FIG. 3 is an X-ray diffraction peak of a resin composition when a peak corresponding to “plane spacing d” overlaps a halo (or background) and is difficult to detect;
It is a graph which shows typically the relationship with the "plane spacing d" of this composition. In this figure, the area of the portion excluding the base line on the lower angle side than 2θd is set as the peak corresponding to “surface interval d”.

Claims (6)

[Claims] 1. A layer mainly comprising polyvinylidene chloride,
A vacuum heat insulating material obtained by evacuating a core material-containing hollow portion covered with a laminate having at least one gas barrier resin composition layer composed of a resin and an inorganic layered compound. 2. The temperature of the gas barrier resin composition layer at 23 ° C. and 50 ° C.

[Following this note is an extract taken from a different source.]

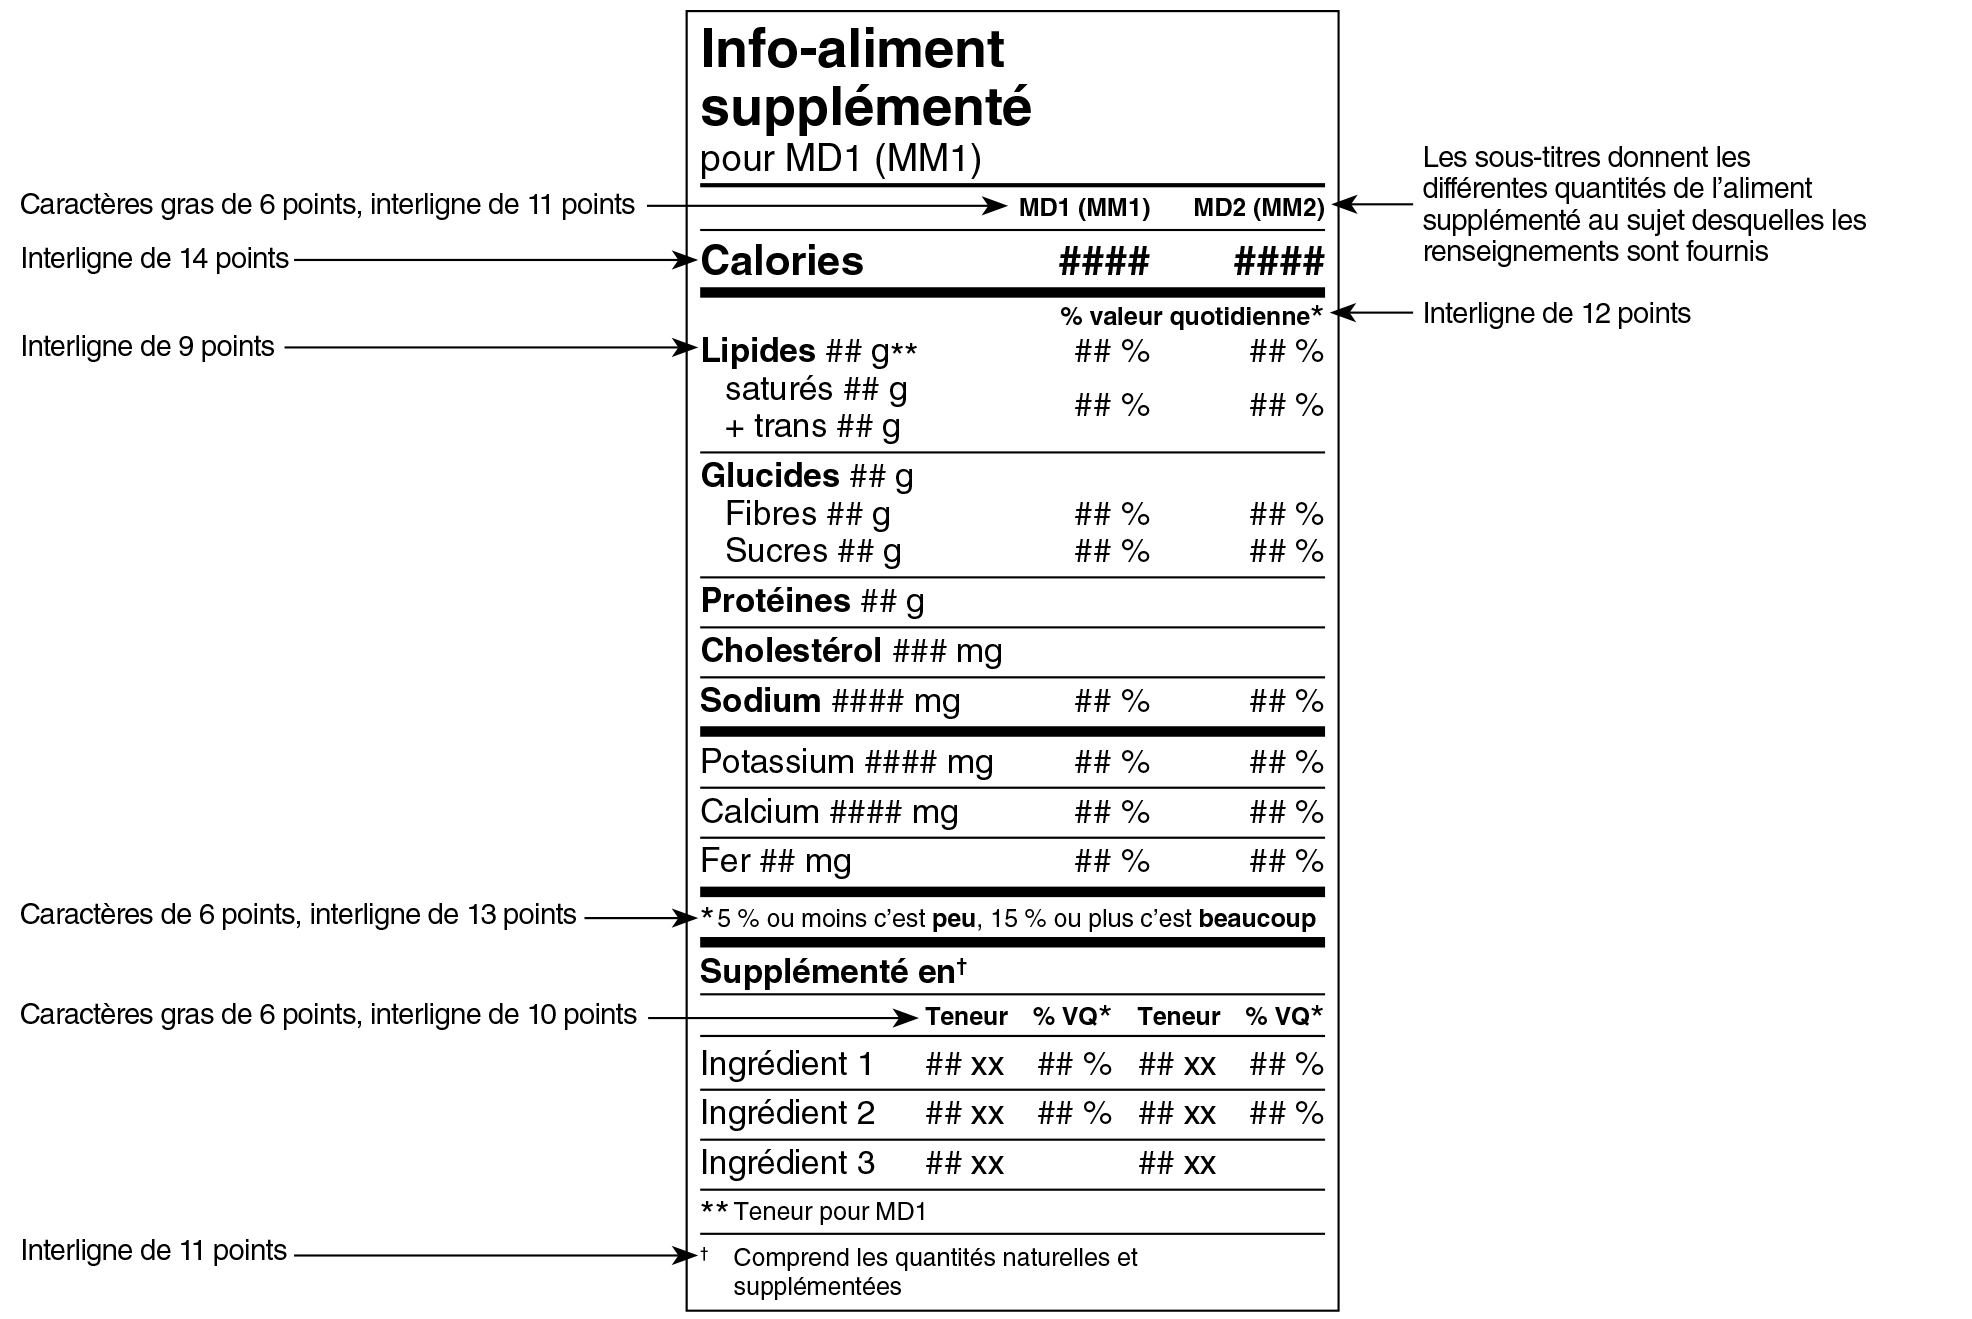 Modèle double français du tableau des renseignements sur les aliments supplémentés avec indications. Version texte ci-dessous.

The vacuum heat insulating material according to claim 1, wherein the oxygen permeability at% RH is 0.1 cc / m ² · day · atm or less. 3. An inorganic layered compound having an aspect ratio of 50 to 5.
The vacuum heat insulating material according to claim 1 or 2, wherein 4. An inorganic layered compound having an aspect ratio of 200 to 200.
The vacuum heat insulating material according to claim 1, wherein the number is 3,000. 5. The vacuum heat insulating material according to claim 1, which is used for refrigeration or freezing. 6. The vacuum heat insulating material according to claim 1, which is used for building materials.